FDA Accepts Axsome's NDA Resubmission for AXS-07 for Acute Migraine Treatment

6 September 2024

Axsome Therapeutics, Inc. (NASDAQ: AXSM) announced that the U.S. Food and Drug Administration (FDA) has accepted the resubmission of their New Drug Application (NDA) for AXS-07, a novel treatment for acute migraine. The FDA classified the resubmission as Class 2 and established a Prescription Drug User Fee Act (PDUFA) action goal date of January 31, 2025. 

Migraine is a significant neurological disorder marked by recurrent, often severe and disabling headaches, frequently accompanied by nausea and sensitivity to light and sound. In the United States, around 39 million people suffer from migraines, making it the leading cause of disability among neurological conditions, as reported by the American Migraine Foundation. Surveys reveal that over 70% of migraine sufferers are dissatisfied with their current treatments, seeking faster, more consistent relief with fewer symptom recurrences. 

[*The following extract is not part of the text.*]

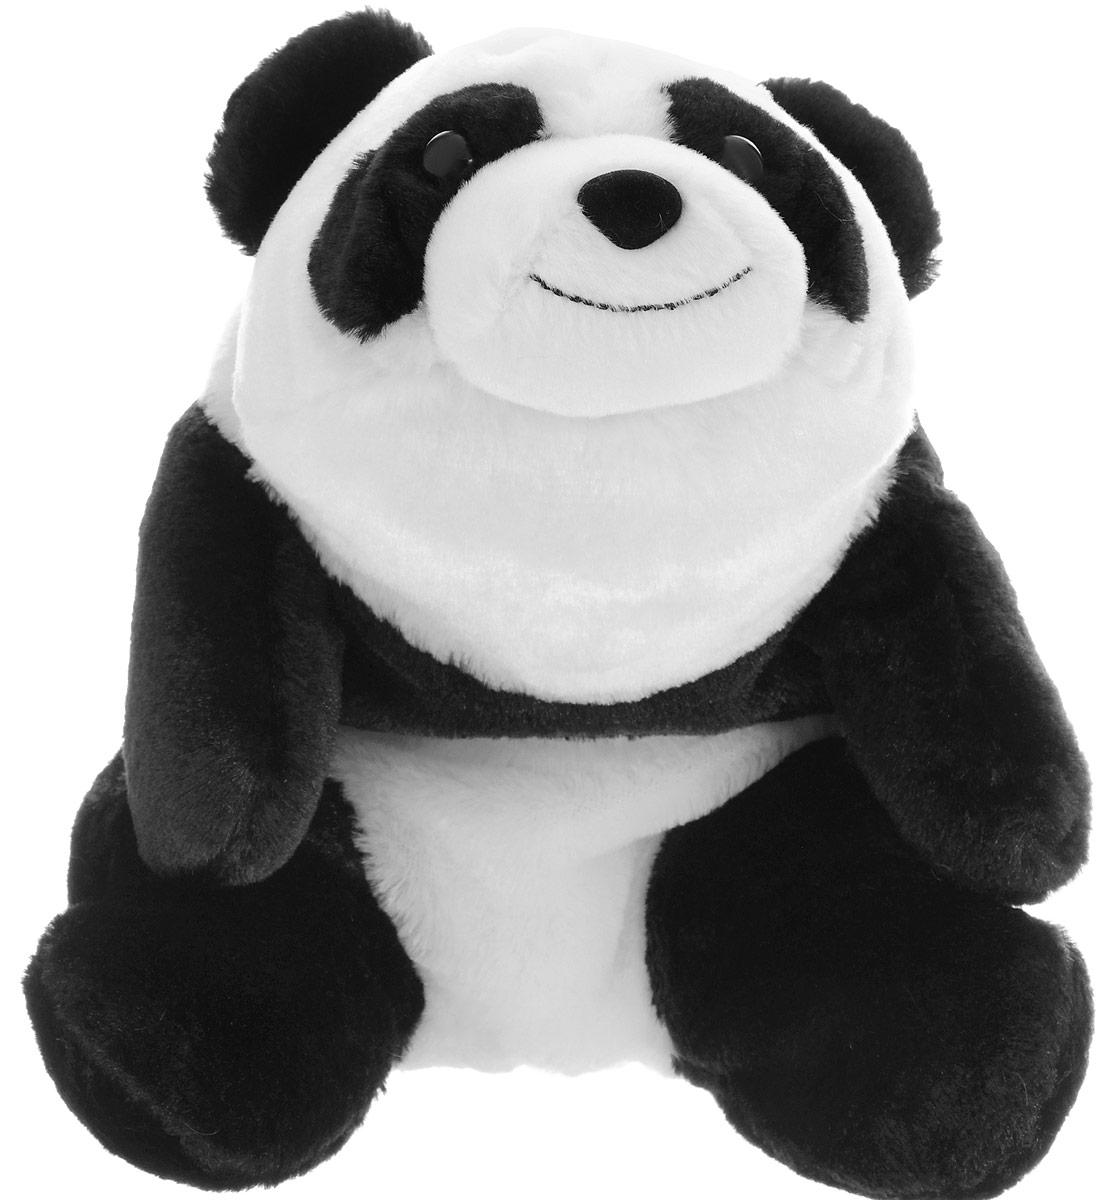 Купить Игрушка мягкая Gund Snuffles Panda , цвет: черный, белый, 26 см. 4040201, Enesco

AXS-07 is an innovative, oral medication designed for rapid and consistent migraine relief. It combines MoSEIC™ meloxicam and rizatriptan. Meloxicam, enhanced by Axsome’s proprietary MoSEIC technology, allows for quick absorption while maintaining a prolonged half-life. It functions as a COX-2 preferential non-steroidal anti-inflammatory drug. Rizatriptan, on the other hand, is a 5-HT1B/1D receptor agonist. Together, these compounds aim to provide quick and sustained relief from migraine symptoms while minimizing recurrence. AXS-07 is safeguarded by over 200 issued patents in the U.S. and internationally, ensuring protection until at least 2038. Currently, AXS-07 has not received FDA approval.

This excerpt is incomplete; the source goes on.